Consider this integral $(1)$

$$\int_{0}^{1}{1\over \sqrt[4]{\ln \left({1\over x}\right)+\ln^2\left({1\over x}\right)}}\cdot{\mathrm dx\over x}=-\Gamma\left(-{2\over 4}\right)\cdot{\Gamma\left({3\over 4}\right)\over \Gamma\left({1\over 4}\right)}\tag1$$

How can one prove $(1)$?

An attempt:

Rewrite $(1)$ as

$$\int_{0}^{1}(-\ln x+\ln^2(x))^{-1/4}\cdot{\mathrm dx\over x}\tag2$$

$u=\ln x \implies x\mathrm du =\mathrm dx$ then $(2)$ becomes

$$\int_{0}^{\infty}(u^2-u)^{-1/4}\mathrm du\tag3$$

May be we can split it into partial decomposition of fraction

$${1\over u^{1/4}(u-1)^{1/4}}={A\over u^{1/4}}+{B\over (u-1)^{1/4}}$$

Then $(3)$ becomes

$$\int_{0}^{\infty}{\color{red}{A\over u^{1/4}}}+{B\over (u-1)^{1/4}}\mathrm du\tag4$$

But the red part diverges, how else can we tackle $(1)?$

Answer 1

The given integral is divergent.

Let's consider $I=\displaystyle \int_{0}^1 {1\over \sqrt[4]{\ln \left({1\over x}\right)+\ln^2\left({1\over x}\right)}}\cdot{\mathrm dx\over x}$.

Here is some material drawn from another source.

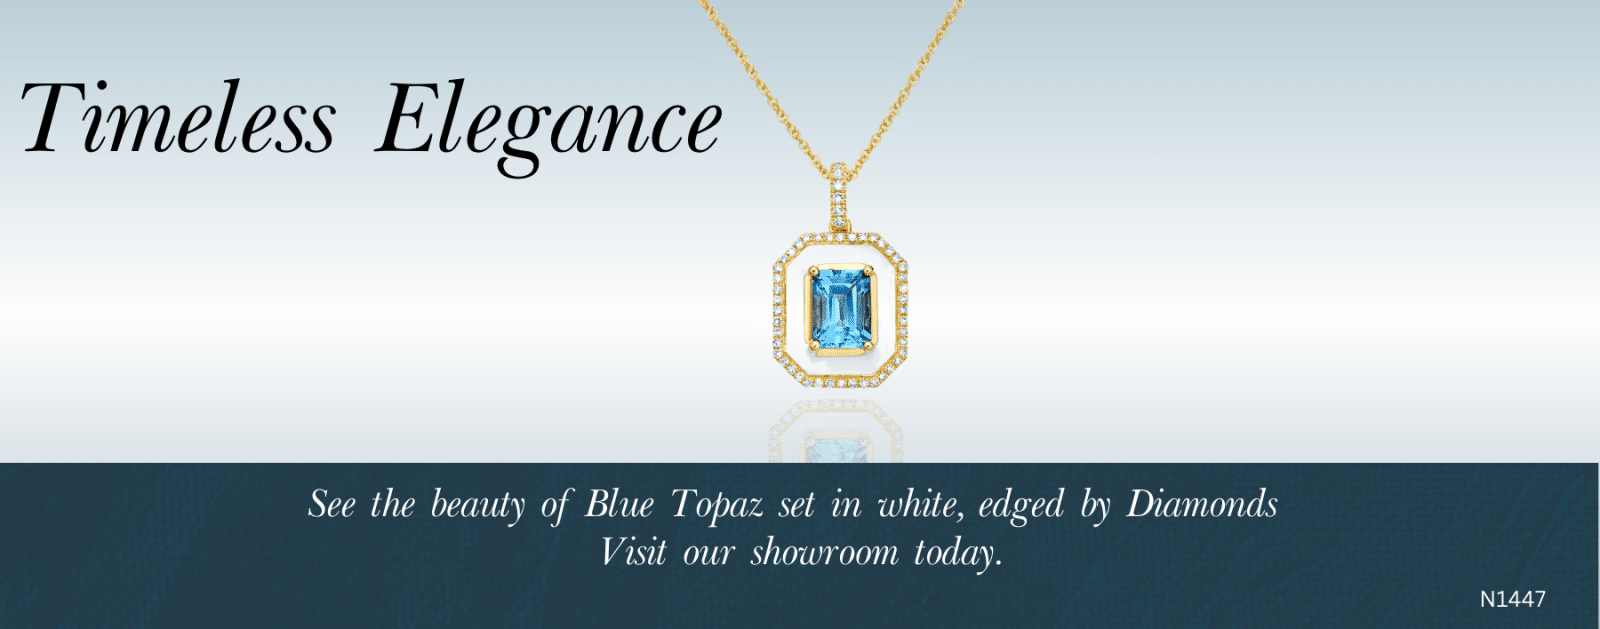 Stunning Blue Topaz and Diamond Necklace

By the change of variable $$ u=-\ln x, \quad du= - \frac{dx}x, $$ one gets $$ I=\displaystyle \int_0^{\infty} {1\over \sqrt[4]{u+u^2}}\cdot{\mathrm du} $$ but, as $u \to \infty$, one has $$ {1\over \sqrt[4]{u+u^2}} \sim{1\over \sqrt[4]{u^2}}=\frac1{u^{1/2}} $$ and the latter integrand gives a divergent integral near $\infty$.